The CodeSearchNet corpus contains around 6 million functions from open-source code spanning six programming languages including Go, Java, Python, JavaScript, PHP, and Ruby. For collecting a large dataset of functions, the team used TreeSitter infrastructure, a parser generator tool and an incremental parsing library. The team is also releasing its data preprocessing pipeline for others to use as it will be a starting point in applying machine learning to code. This data is not directly related to code search but if used with related natural language description, it can help in training models.
CodeSearchNet corpus contains automatically generated query-like natural language for around 2 million functions. It also includes the metadata that indicates the original location where the data was found.
The team collects the corpus from publicly available open-source non-fork GitHub repositories and uses libraries.io for identifying all projects which are used by at least one other project. They further sort these projects based on their ‘popularity’ by checking the number of stars and forks. The team removes the projects that do not have a license or whose license does not allow the re-distribution of parts of the project.
The team has also tokenized all the functions, including Go, JavaScript, Python, Java, PHP and Ruby with the help of TreeSitter.

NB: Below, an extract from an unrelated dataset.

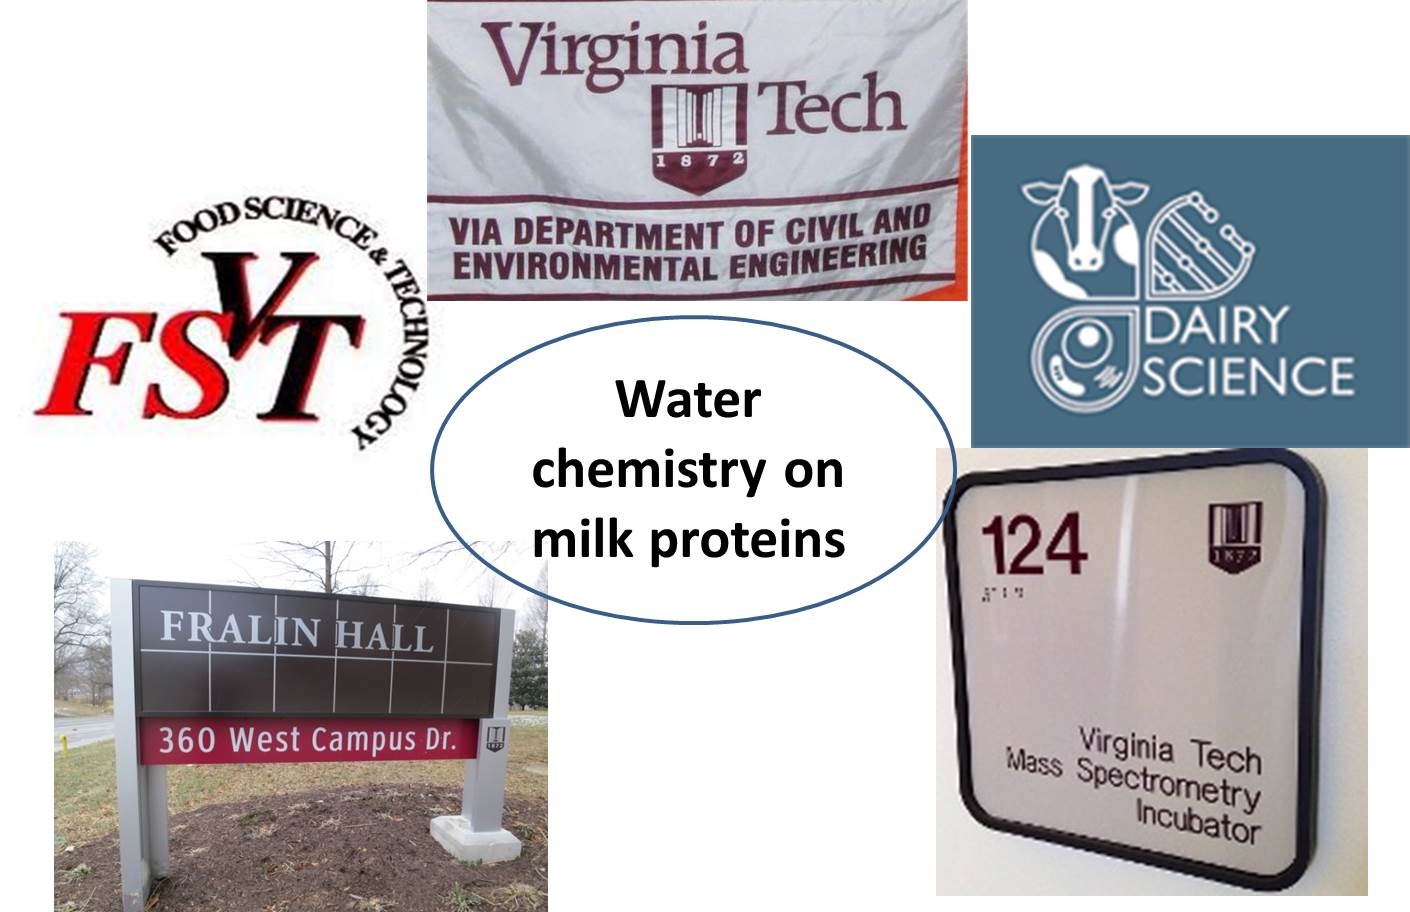 A series of pictures showing Virginia Tech departments involved in food, dairy, water, and other sciences

For generating the training data for the CodeSearchNet Challenge, the team considers those functions in the corpus hat have documentation associated with them.
The team collected an initial set of code search queries for evaluating code search models. They started by collecting the common search queries that had high click-through rates from Bing and then combined these with queries from StaQC. The team manually filtered out those queries that were clearly ‘technical keywords’ for obtaining a set of 99 natural language queries.
The team then used a standard Elasticsearch installation and baseline models for obtaining 10 results per query from their CodeSearchNet Corpus. They then asked data scientists, programmers, and machine learning researchers for annotating the results for relevance to the query. For evaluating the CodeSearchNet Challenge, a method should return a set of results from CodeSearchNet Corpus for each of 99 pre-defined natural language queries.
Can a modified MIT ‘Hippocratic License’ to restrict misuse of open source software prompt a wave of ethical innovation in tech?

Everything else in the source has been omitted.